好吧,既然你还没有得到任何其他东西。我会抛出一些东西,但到目前为止我的经验只是温和的。

In the controller for your cats owners page, you could query if the user has any associated cat entities.

在您的猫主人页面的控制器中,您可以查询用户是否有任何关联的猫实体。

You need to add OneToMany/ManyToOne annotations to your user and cat class, and a variable for the associations. This you could review straight out of the doctrine section of the symfony2 book (If you are working with Symfony2 and haven't taken the time to read the book, that is the minimal level of knowledge to work with the full stack and I suggest you read it all). (Do you really need a entity class just for cat, you could have a pet entity with a "type" option.)

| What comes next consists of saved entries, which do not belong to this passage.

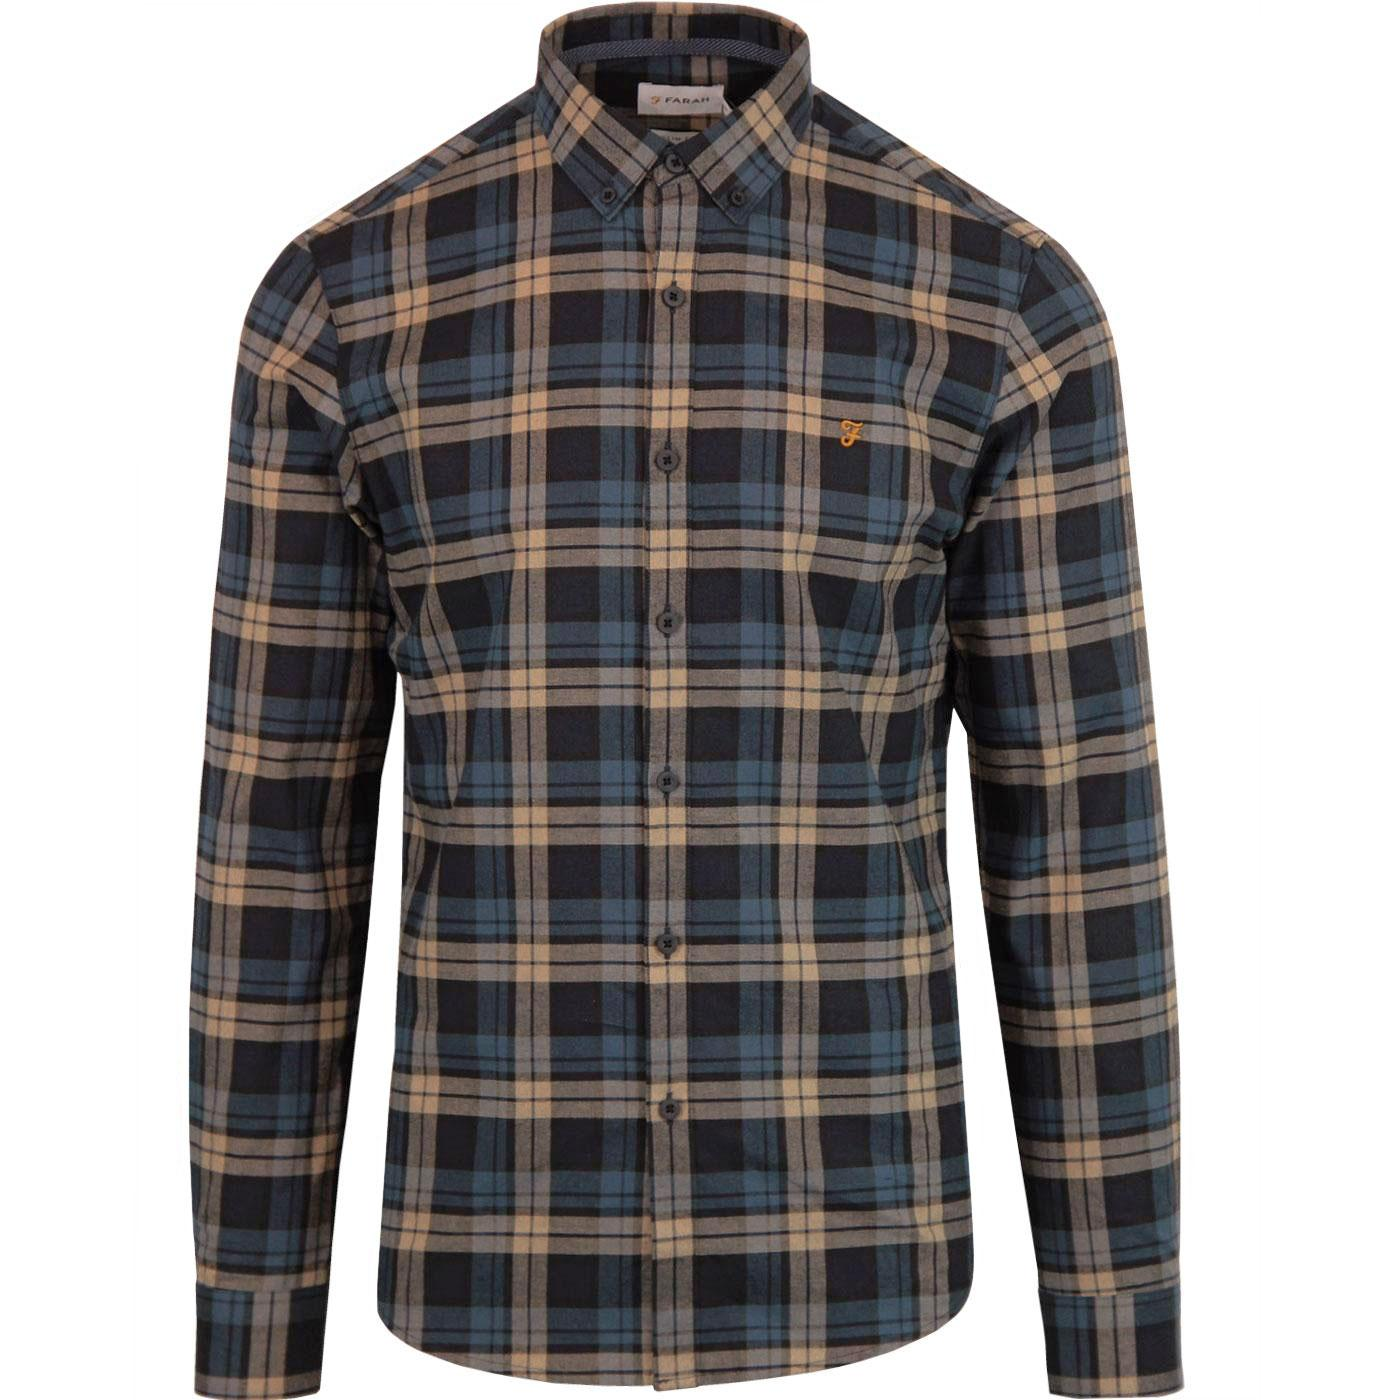 Radley FARAH Mod Button Down Check Shirt - Canvas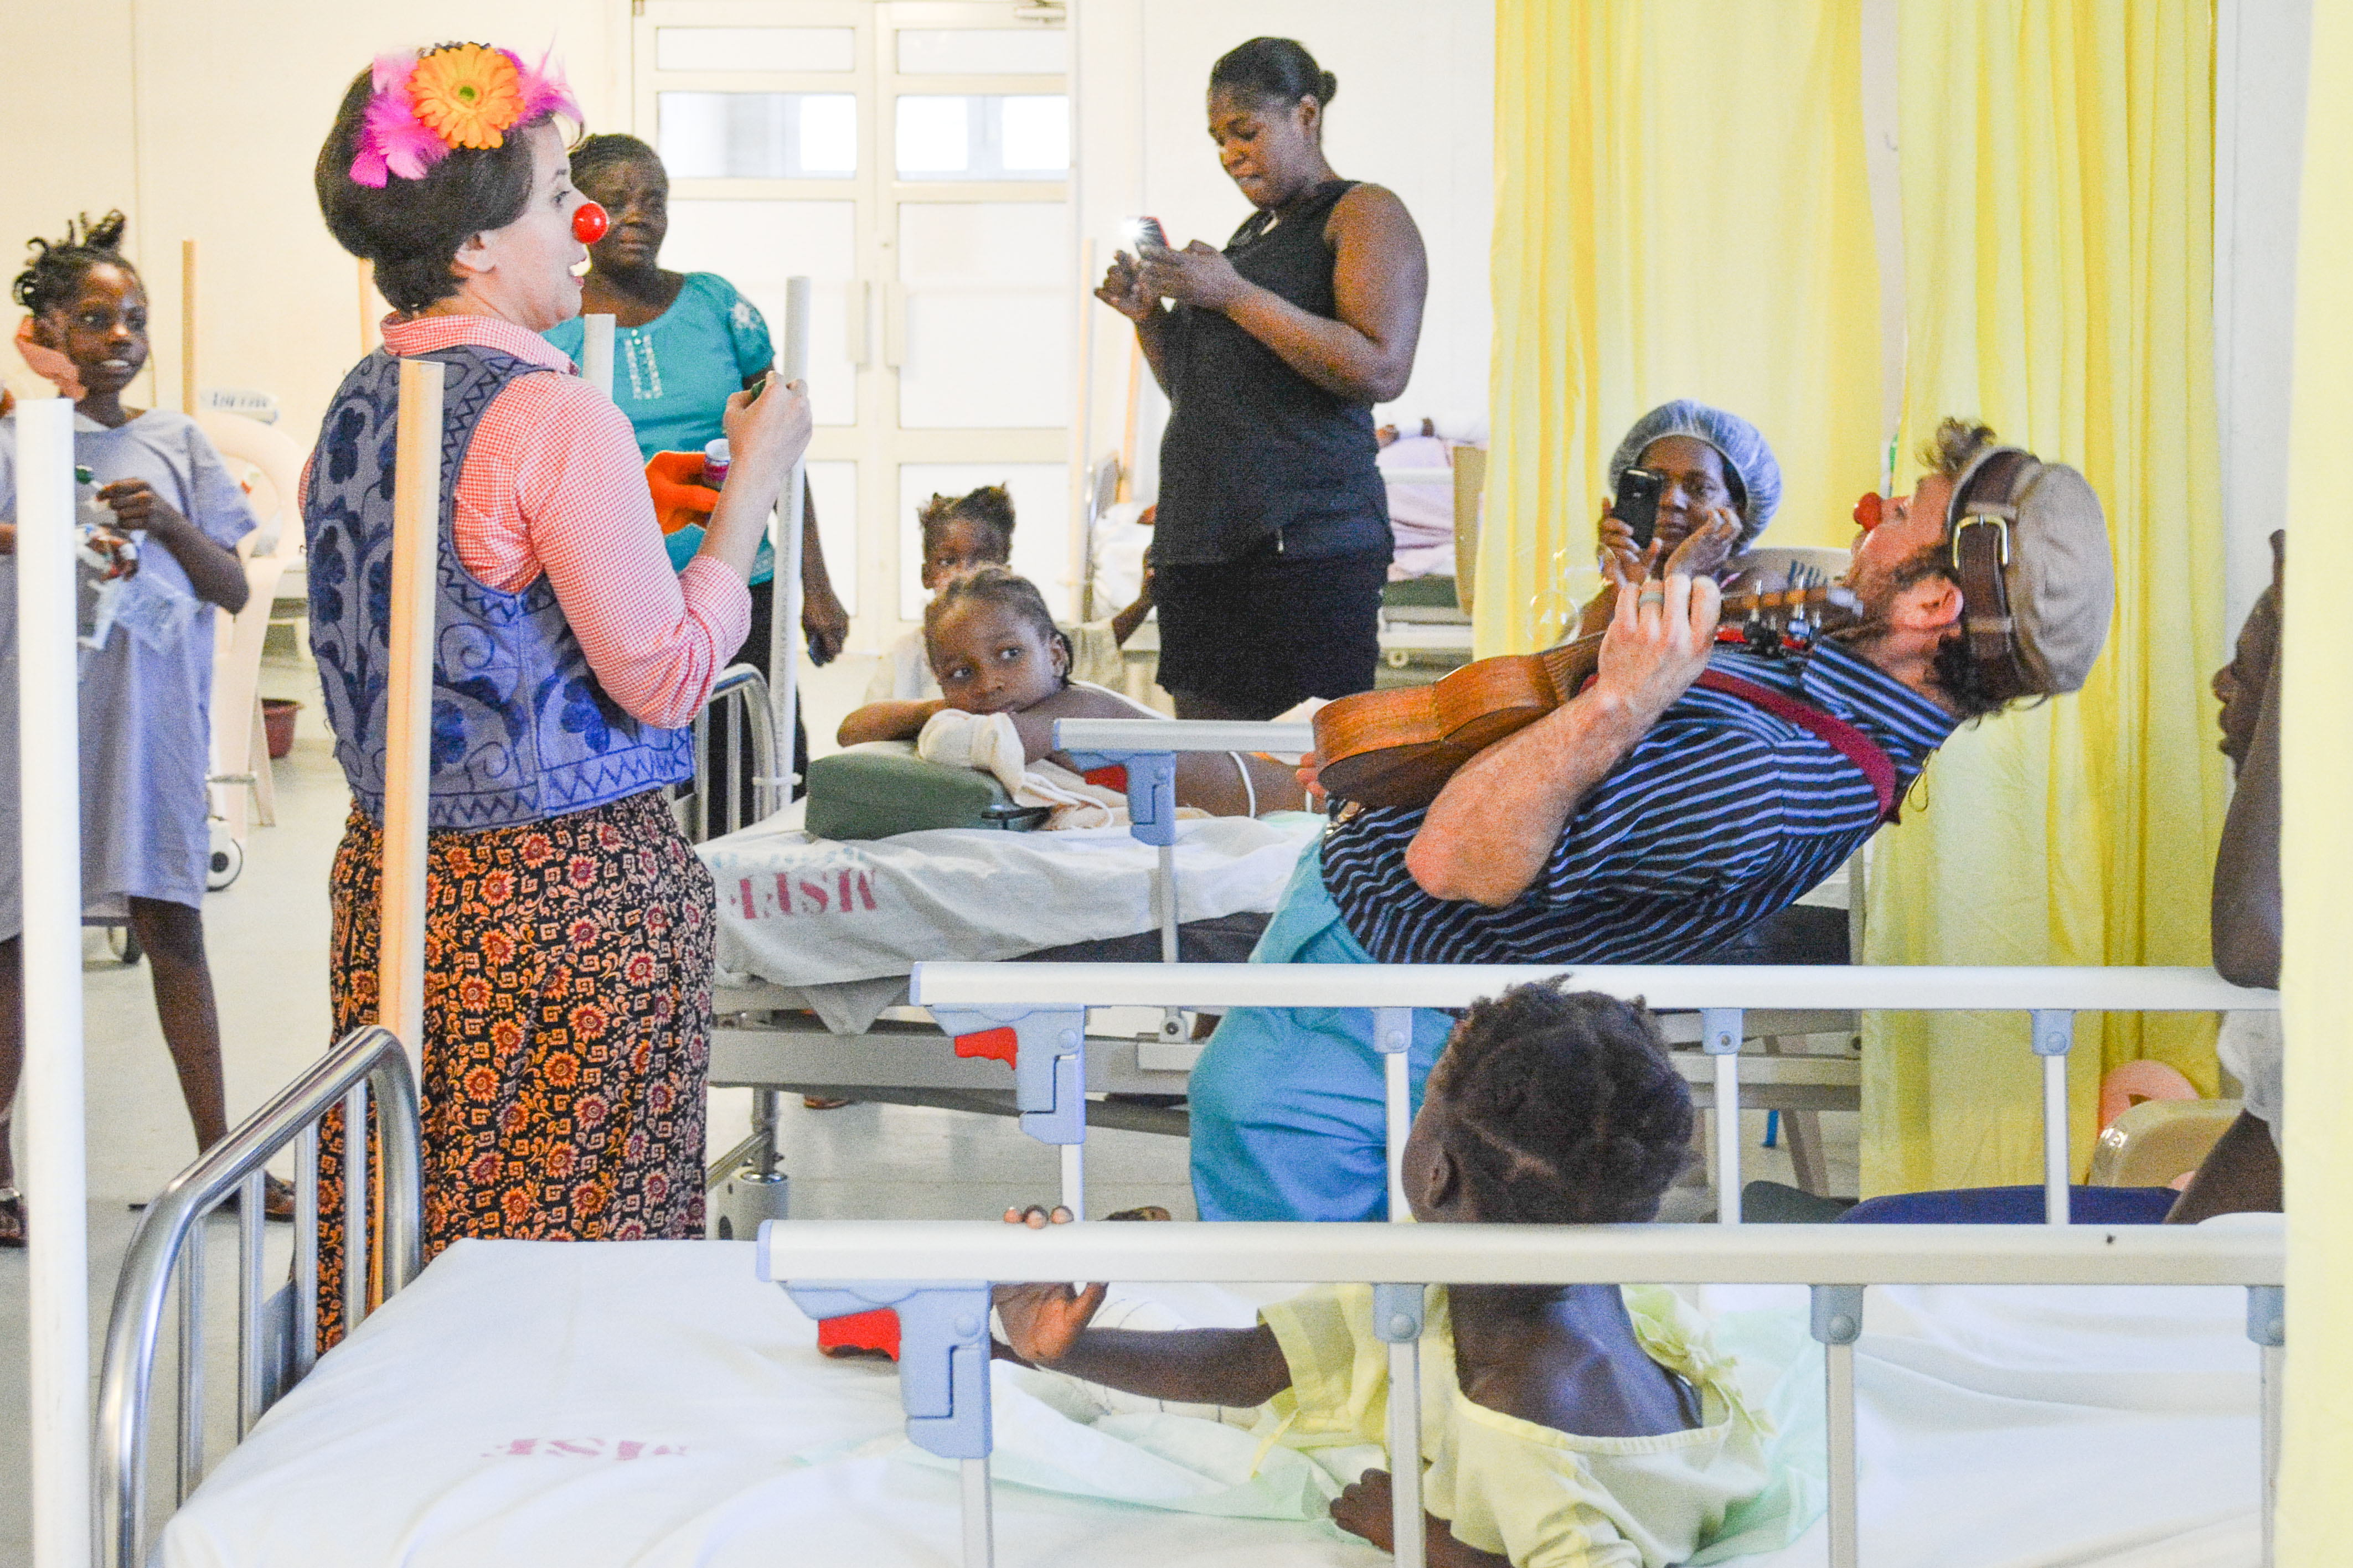 Clowns in the hospital in Haiti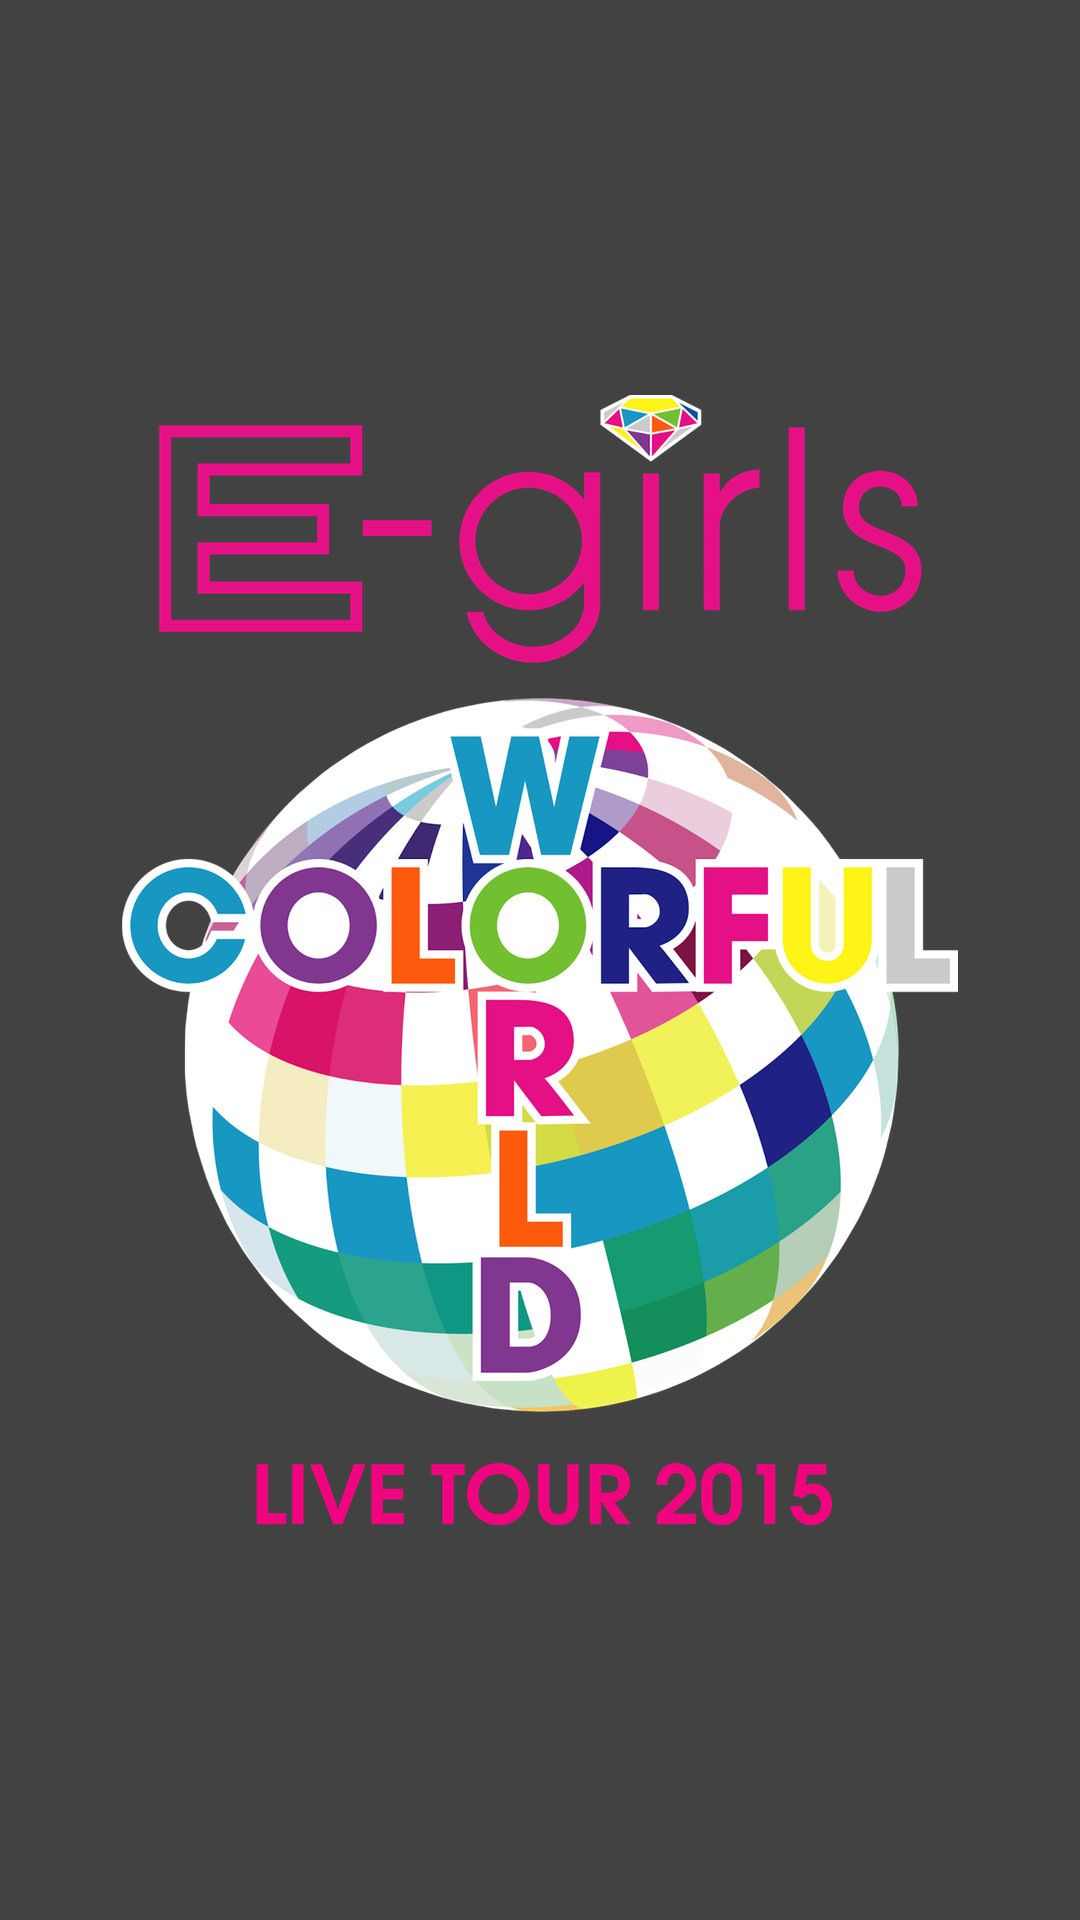 E Girls Live Tour 2015 Iphone壁紙 無料取り放題 高画質 大量

您需要向用户和cat类添加OneToMany / ManyToOne注释,并为关联添加变量。你可以直接从symfony2书的学说部分中查看(如果你正在使用Symfony2并且没有花时间阅读这本书,那就是使用完整堆栈的最低知识水平,我建议你阅读全部)。 (你真的需要一个仅用于cat的实体类,你可以拥有一个带有“type”选项的pet实体。)

check the security context to ensure logged in, then query db.

检查安全上下文以确保登录,然后查询db。

    $em = $this->getDoctrine()->getManager();

    $ownersCats = $em->getRepository('PetsPetSiteBundle:Blog')->findBy(array('type'=>'cat'));

or for one result only

或仅为一个结果

    $ownersCats = $em->getRepository('PetsPetSiteBundle:Blog')->findOneBy(array('type'=>'cat'));

Once you have this result if it comes back false, you know he has no cats. Otherwise continue.

一旦你得到这个结果,如果它回来假,你知道他没有猫。否则继续。

Obviously you could make this perform better by only querying for id's or something if you don't plan on using the entities on that page or just performing a count query and seeing if it's greater than 0?

显然,如果您不打算在该页面上使用实体或只是执行计数查询并查看它是否大于0,那么只需查询id或其他内容就可以使这个表现更好?

#1


0  

Well, since you haven't gotten anything else yet. I'll throw something out there but my experience is only moderate so far.

好吧,既然你还没有得到任何其他东西。我会抛出一些东西,但到目前为止我的经验只是温和的。

In the controller for your cats owners page, you could query if the user has any associated cat entities.

在您的猫主人页面的控制器中,您可以查询用户是否有任何关联的猫实体。

You need to add OneToMany/ManyToOne annotations to your user and cat class, and a variable for the associations. This you could review straight out of the doctrine section of the symfony2 book (If you are working with Symfony2 and haven't taken the time to read the book, that is the minimal level of knowledge to work with the full stack and I suggest you read it all). (Do you really need a entity class just for cat, you could have a pet entity with a "type" option.)

您需要向用户和cat类添加OneToMany / ManyToOne注释,并为关联添加变量。你可以直接从symfony2书的学说部分中查看(如果你正在使用Symfony2并且没有花时间阅读这本书,那就是使用完整堆栈的最低知识水平,我建议你阅读全部)。 (你真的需要一个仅用于cat的实体类,你可以拥有一个带有“type”选项的pet实体。)

check the security context to ensure logged in, then query db.

检查安全上下文以确保登录,然后查询db。

    $em = $this->getDoctrine()->getManager();

    $ownersCats = $em->getRepository('PetsPetSiteBundle:Blog')->findBy(array('type'=>'cat'));

or for one result only

或仅为一个结果

    $ownersCats = $em->getRepository('PetsPetSiteBundle:Blog')->findOneBy(array('type'=>'cat'));

Once you have this result if it comes back false, you know he has no cats. Otherwise continue.

一旦你得到这个结果,如果它回来假,你知道他没有猫。否则继续。

Obviously you could make this perform better by only querying for id's or something if you don't plan on using the entities on that page or just performing a count query and seeing if it's greater than 0?

显然,如果您不打算在该页面上使用实体或只是执行计数查询并查看它是否大于0,那么只需查询id或其他内容就可以使这个表现更好?